=== MATERIAL SHOWN ===

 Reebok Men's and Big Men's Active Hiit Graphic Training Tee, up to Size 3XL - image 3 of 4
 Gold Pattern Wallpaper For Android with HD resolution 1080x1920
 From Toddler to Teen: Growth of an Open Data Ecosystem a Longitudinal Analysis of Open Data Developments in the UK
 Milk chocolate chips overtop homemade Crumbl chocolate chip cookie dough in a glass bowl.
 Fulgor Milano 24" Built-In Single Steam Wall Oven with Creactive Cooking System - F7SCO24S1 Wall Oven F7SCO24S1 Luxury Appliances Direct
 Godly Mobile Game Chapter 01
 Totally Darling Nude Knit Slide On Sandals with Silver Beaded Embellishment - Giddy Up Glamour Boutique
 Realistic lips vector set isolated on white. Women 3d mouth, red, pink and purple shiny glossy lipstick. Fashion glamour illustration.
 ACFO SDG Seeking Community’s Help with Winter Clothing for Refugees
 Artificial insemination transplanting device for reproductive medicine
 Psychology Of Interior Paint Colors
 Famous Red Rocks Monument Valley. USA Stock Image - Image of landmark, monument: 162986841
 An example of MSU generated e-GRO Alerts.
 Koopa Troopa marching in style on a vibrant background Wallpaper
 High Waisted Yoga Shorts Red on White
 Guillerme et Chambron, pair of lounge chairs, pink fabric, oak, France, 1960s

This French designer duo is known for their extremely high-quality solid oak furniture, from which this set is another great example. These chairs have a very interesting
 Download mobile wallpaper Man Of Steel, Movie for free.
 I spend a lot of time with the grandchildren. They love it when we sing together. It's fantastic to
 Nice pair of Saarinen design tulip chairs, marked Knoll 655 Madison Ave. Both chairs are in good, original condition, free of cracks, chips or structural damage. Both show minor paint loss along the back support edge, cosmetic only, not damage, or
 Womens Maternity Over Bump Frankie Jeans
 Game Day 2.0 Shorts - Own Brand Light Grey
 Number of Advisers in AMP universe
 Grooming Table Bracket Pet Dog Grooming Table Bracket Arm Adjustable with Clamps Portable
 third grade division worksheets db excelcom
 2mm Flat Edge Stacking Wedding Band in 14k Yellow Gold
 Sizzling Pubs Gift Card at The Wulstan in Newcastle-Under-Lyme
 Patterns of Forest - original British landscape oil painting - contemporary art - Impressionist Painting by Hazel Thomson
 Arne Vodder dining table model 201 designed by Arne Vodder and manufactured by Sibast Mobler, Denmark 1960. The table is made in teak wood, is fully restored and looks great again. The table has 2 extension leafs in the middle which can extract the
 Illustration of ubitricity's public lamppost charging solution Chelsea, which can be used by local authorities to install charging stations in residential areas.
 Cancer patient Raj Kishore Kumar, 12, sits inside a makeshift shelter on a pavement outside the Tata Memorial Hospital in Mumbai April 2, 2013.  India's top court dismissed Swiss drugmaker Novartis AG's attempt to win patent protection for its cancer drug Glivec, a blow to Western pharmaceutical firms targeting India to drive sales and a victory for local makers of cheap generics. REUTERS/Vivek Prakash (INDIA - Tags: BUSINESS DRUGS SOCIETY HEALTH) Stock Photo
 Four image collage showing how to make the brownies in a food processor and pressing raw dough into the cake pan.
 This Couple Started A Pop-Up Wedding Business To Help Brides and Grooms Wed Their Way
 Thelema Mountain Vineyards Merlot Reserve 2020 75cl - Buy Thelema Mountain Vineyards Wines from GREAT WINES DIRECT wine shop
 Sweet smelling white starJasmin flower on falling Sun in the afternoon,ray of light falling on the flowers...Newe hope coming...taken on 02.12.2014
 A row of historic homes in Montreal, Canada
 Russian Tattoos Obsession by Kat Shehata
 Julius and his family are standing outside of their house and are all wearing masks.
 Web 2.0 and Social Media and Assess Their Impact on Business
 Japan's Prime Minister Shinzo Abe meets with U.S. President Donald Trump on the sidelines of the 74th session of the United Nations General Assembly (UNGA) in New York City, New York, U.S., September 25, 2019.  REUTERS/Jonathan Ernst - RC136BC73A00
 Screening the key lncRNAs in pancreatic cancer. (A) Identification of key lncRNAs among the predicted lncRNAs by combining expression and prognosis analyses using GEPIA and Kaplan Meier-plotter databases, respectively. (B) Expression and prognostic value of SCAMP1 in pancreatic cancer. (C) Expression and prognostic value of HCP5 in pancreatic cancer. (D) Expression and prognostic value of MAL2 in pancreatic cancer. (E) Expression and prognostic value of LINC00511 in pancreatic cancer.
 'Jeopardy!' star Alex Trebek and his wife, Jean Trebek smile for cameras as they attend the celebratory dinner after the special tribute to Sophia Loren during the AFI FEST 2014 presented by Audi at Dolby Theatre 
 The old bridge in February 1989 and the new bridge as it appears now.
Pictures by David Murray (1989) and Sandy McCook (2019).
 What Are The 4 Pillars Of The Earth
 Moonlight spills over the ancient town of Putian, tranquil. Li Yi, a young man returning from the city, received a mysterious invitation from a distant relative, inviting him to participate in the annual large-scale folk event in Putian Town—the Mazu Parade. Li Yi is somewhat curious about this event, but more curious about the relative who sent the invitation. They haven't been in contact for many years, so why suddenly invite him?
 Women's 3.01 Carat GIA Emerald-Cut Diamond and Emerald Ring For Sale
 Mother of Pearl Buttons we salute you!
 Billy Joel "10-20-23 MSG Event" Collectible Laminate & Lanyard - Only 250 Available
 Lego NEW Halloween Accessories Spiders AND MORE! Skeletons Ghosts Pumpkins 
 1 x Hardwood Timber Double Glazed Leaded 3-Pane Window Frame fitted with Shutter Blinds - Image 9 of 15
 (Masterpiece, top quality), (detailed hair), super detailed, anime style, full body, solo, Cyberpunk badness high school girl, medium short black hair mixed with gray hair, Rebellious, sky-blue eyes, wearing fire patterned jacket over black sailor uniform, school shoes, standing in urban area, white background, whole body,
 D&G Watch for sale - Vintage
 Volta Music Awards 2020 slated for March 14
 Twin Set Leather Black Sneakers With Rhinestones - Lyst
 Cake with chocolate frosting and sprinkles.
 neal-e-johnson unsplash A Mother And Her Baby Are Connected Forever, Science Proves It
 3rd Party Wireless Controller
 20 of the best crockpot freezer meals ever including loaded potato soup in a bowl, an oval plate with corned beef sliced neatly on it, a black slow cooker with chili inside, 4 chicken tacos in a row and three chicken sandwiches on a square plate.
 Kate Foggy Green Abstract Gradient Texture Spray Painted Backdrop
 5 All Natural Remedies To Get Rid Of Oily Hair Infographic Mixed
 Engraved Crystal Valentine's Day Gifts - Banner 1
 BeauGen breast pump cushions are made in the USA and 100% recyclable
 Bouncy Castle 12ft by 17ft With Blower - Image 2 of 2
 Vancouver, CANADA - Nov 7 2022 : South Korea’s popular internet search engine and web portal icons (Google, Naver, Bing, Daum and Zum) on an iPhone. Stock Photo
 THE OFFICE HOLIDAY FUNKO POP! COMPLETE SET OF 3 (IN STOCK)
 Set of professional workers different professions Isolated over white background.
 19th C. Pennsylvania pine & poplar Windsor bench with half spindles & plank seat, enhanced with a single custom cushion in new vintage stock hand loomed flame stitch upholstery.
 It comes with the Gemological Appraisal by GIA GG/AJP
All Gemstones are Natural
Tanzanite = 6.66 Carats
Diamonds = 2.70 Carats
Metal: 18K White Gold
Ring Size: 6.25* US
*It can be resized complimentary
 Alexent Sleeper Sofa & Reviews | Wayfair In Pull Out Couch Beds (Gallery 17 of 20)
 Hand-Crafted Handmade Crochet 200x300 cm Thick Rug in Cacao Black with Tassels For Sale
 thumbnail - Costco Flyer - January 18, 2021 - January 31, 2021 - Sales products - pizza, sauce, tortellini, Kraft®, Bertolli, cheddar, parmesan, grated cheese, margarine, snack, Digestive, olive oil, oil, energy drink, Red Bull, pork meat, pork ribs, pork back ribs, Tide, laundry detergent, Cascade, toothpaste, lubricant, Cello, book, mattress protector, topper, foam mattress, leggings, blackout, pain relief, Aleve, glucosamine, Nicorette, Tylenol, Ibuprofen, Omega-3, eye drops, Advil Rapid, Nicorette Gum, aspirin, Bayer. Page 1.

=== WORK TO BE COMPLETED ===
From the data above, show each line that contains "Gold".

=== SOLUTION TO THE PROBLEM ===
 Gold Pattern Wallpaper For Android with HD resolution 1080x1920
 2mm Flat Edge Stacking Wedding Band in 14k Yellow Gold
Metal: 18K White Gold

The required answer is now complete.